In the end all of this is about the same thing. Cutting the time we humans spend reviewing, cutting the human cost, and cutting the token cost. It's not magic, it's plumbing.
The right tool, not the perfect one
If we lived in an ideal world, we'd all use the most expensive, smartest model for everything and be done with it. But in a business you don't use the perfect tools, you use the right ones. The one that gets the work done, is fast, and is balanced on price. There's no point pulling out the most expensive, perfect model for a task that a simple, cheap, fast one does just as well.
Building this whole setup has its cost. The fallback has to be configured and maintained. The local server has to be administered, and it's not free in time even if it is on the monthly bill. The self-improving skills system I'm still tuning, and I don't know whether the return will make up for all the hours I'm pouring into it.
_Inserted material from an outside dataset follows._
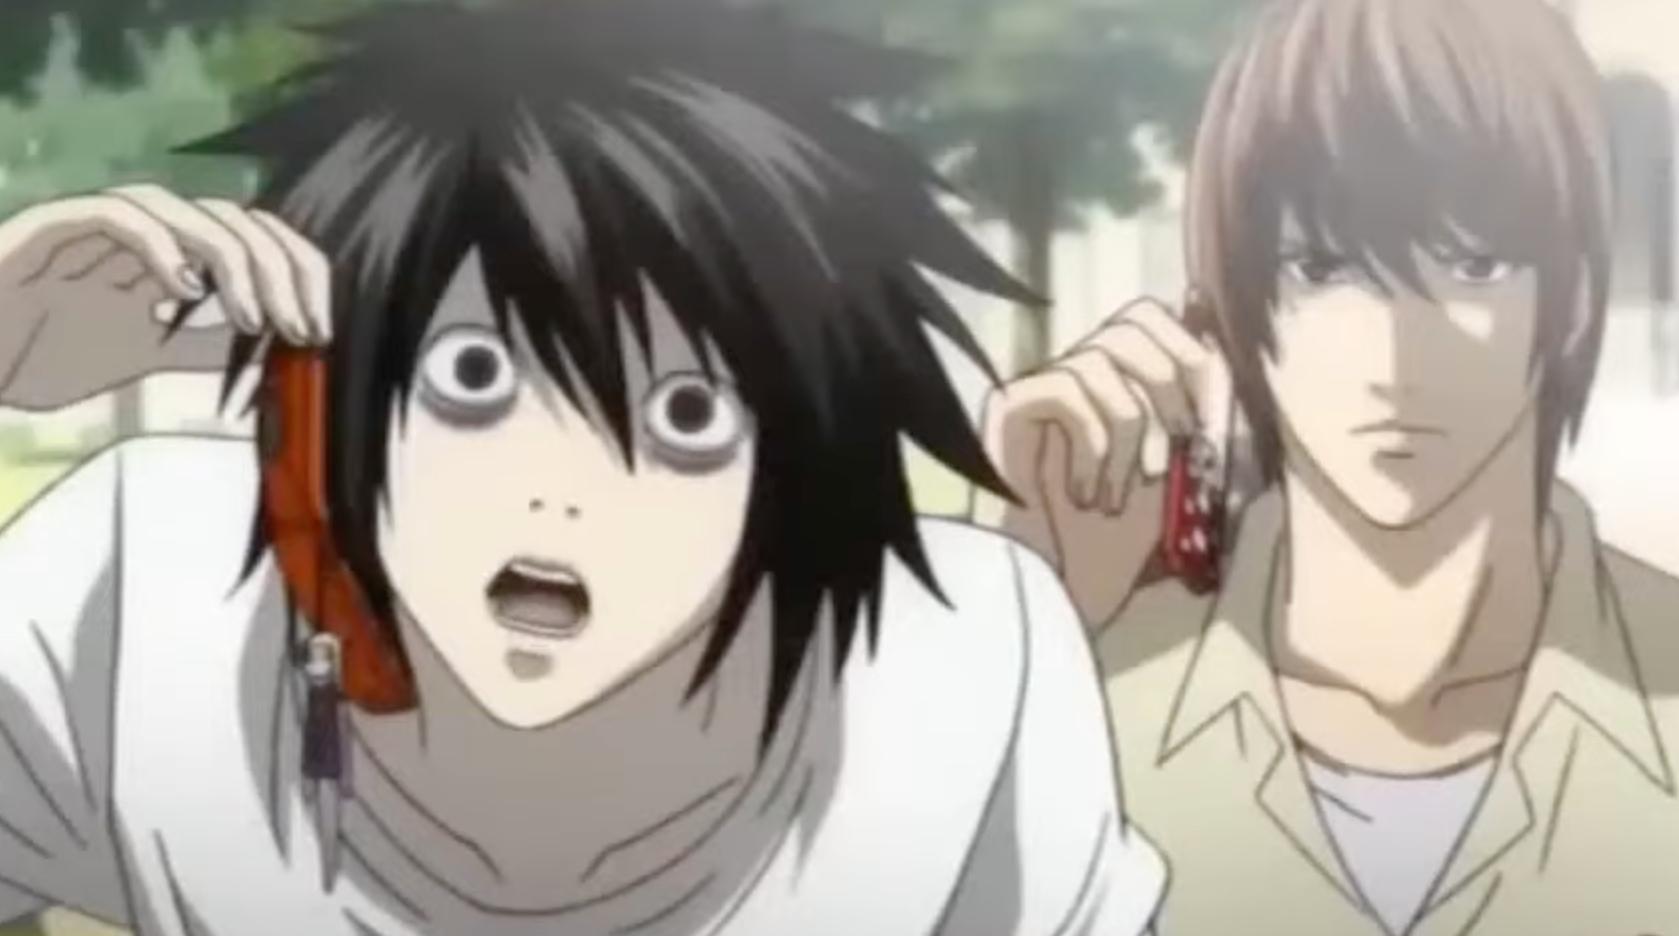 How to be the next L Lawliet from Death Note

And above all, this field moves so fast that half of what I've written here might be obsolete in six months.
I don't want my ability to work depending on whether a company thousands of kilometers away is having a good day today, on whether its API is online, on whether they haven't raised prices, or on whether some government decides this is the month to cut off the tap. I'd rather spread the risk, even if it costs me more work, even if it's never quite finished.